ACTION ITEM:
Take the lines in the listing below from the line with "Cod Call Of Dutyの壁紙に使える画像集 コール オブ デューティ" up to and including the line with "imart360.zhiye.com" and set them down exactly, skipping pictures and adding nothing.

DATA FOR REVIEW:
Content starts
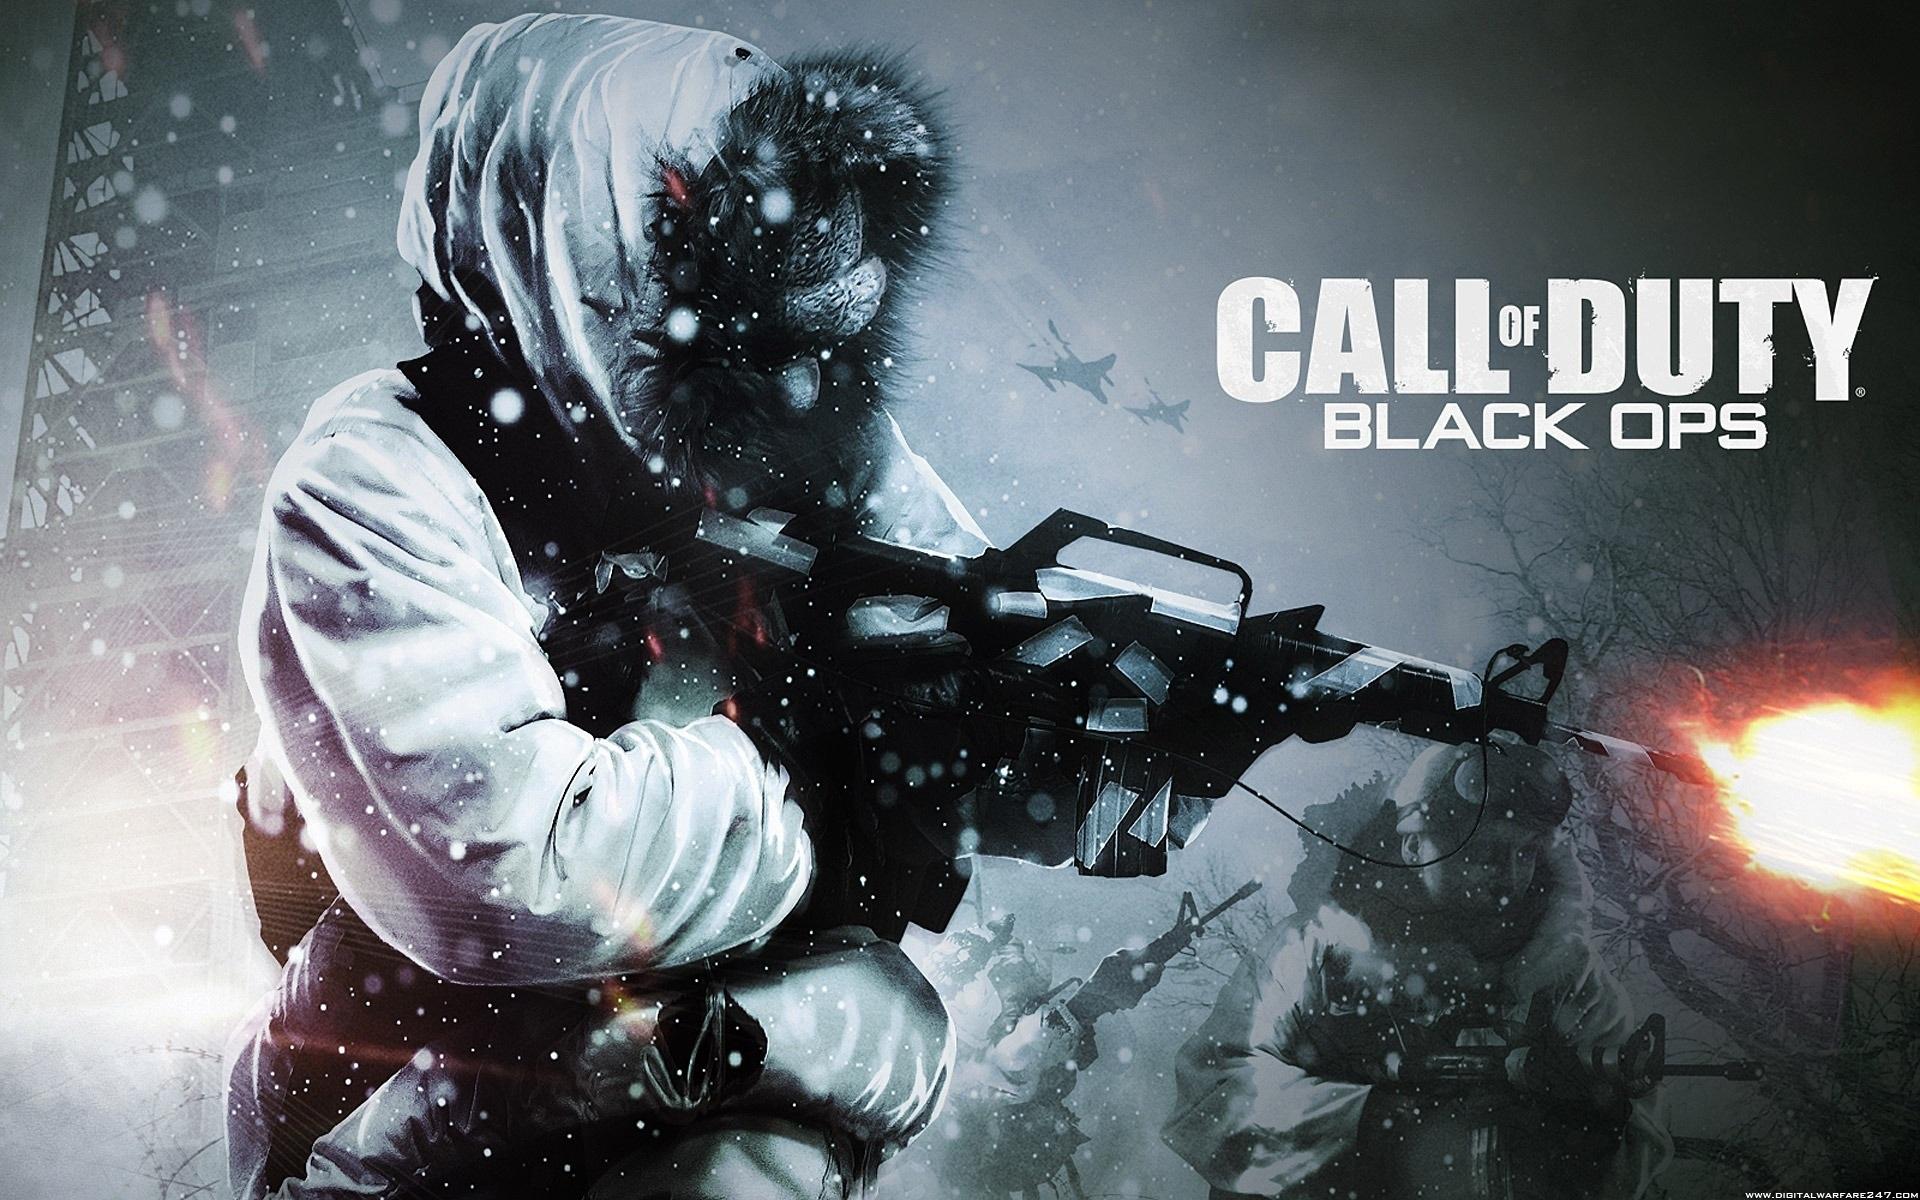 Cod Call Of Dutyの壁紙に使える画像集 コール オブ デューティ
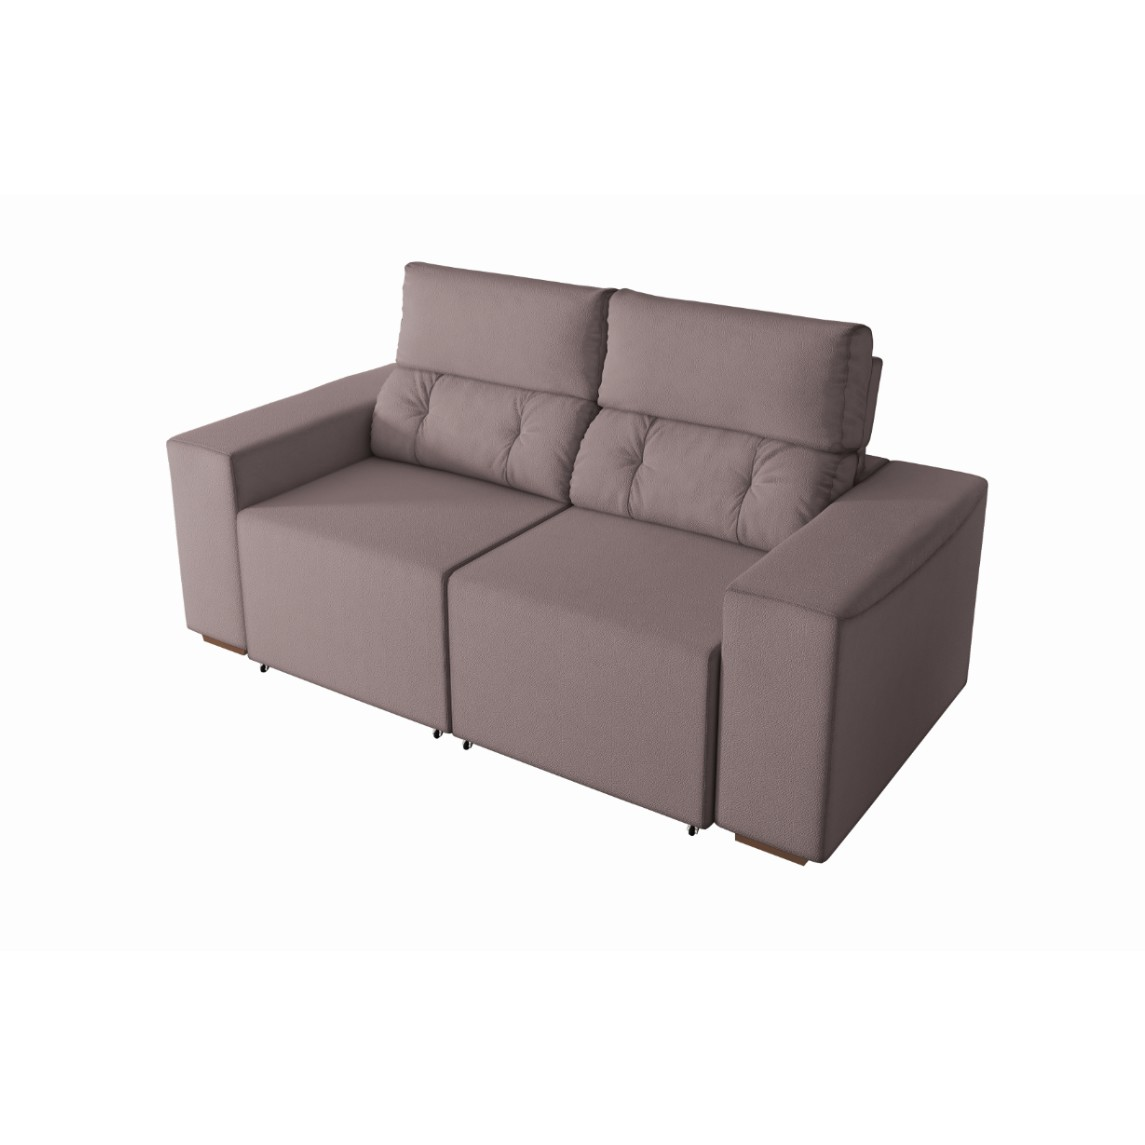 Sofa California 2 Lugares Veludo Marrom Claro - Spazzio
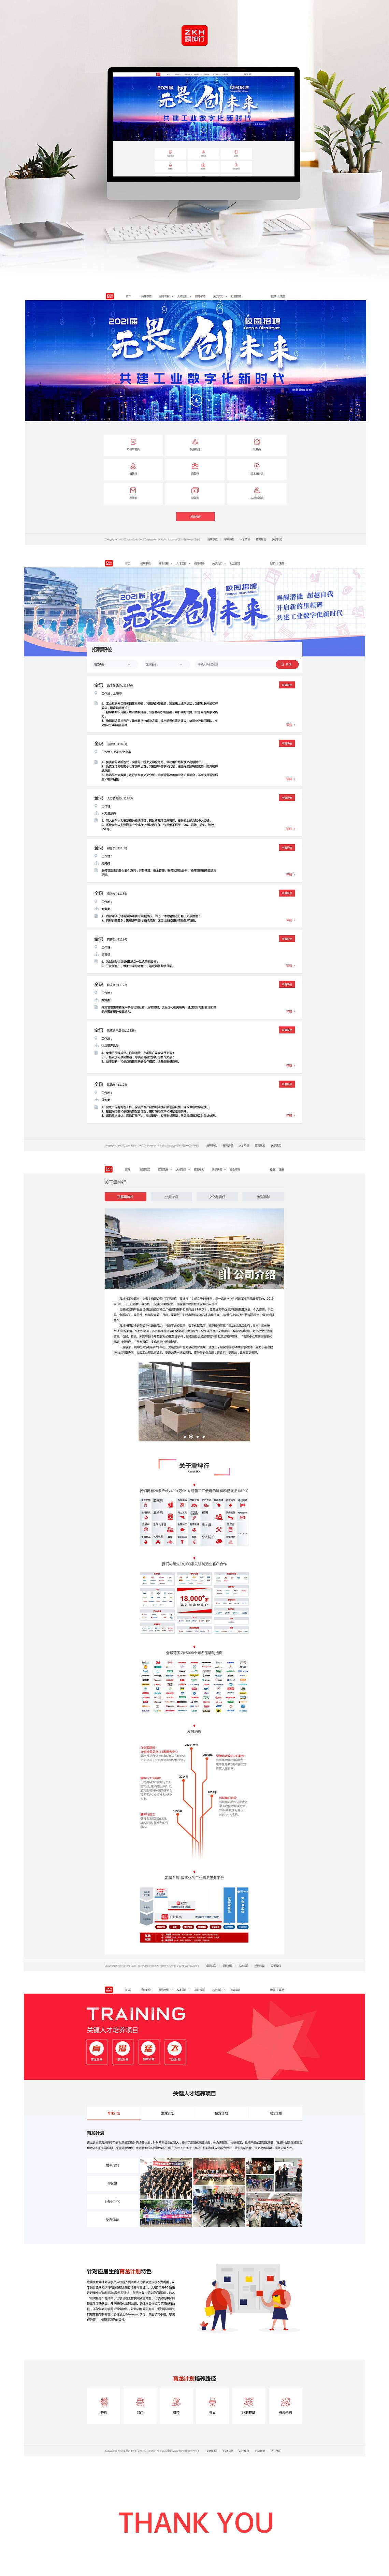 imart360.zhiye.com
Content ends
Content starts
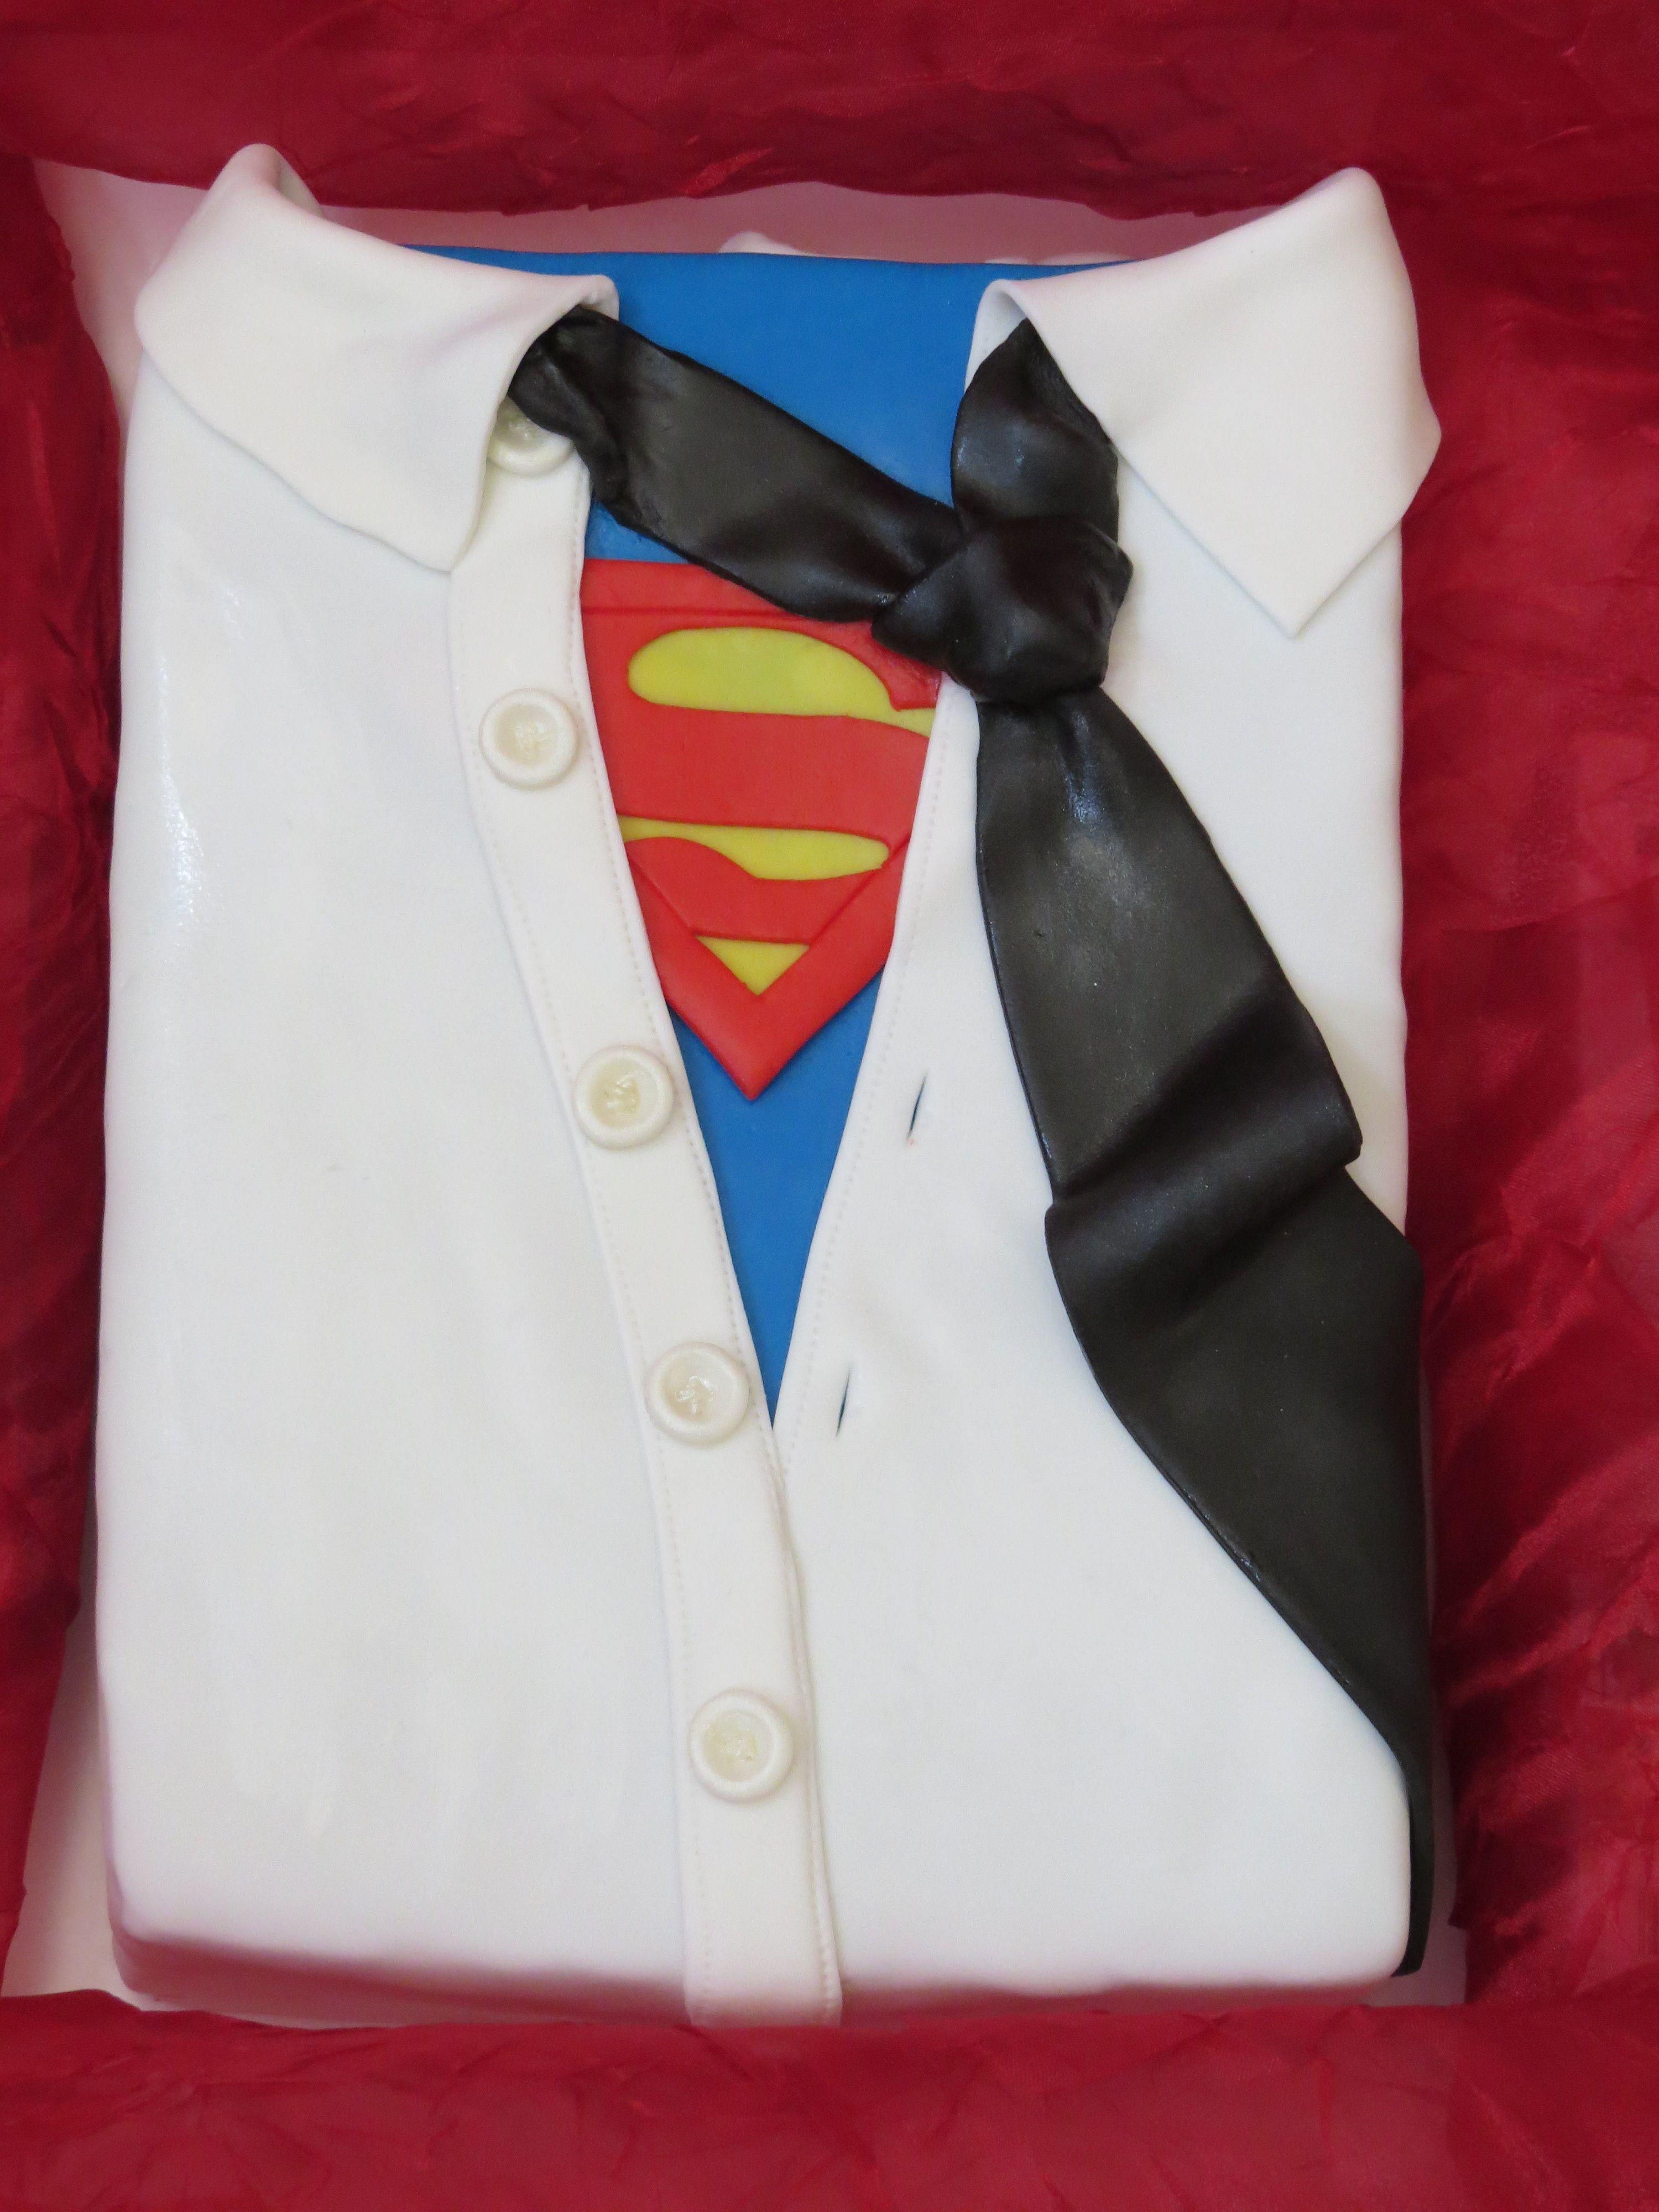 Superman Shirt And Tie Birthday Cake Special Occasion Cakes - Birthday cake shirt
Content ends
OUTPUT FOR THIS TASK:
 Cod Call Of Dutyの壁紙に使える画像集 コール オブ デューティ
 Sofa California 2 Lugares Veludo Marrom Claro - Spazzio
 imart360.zhiye.com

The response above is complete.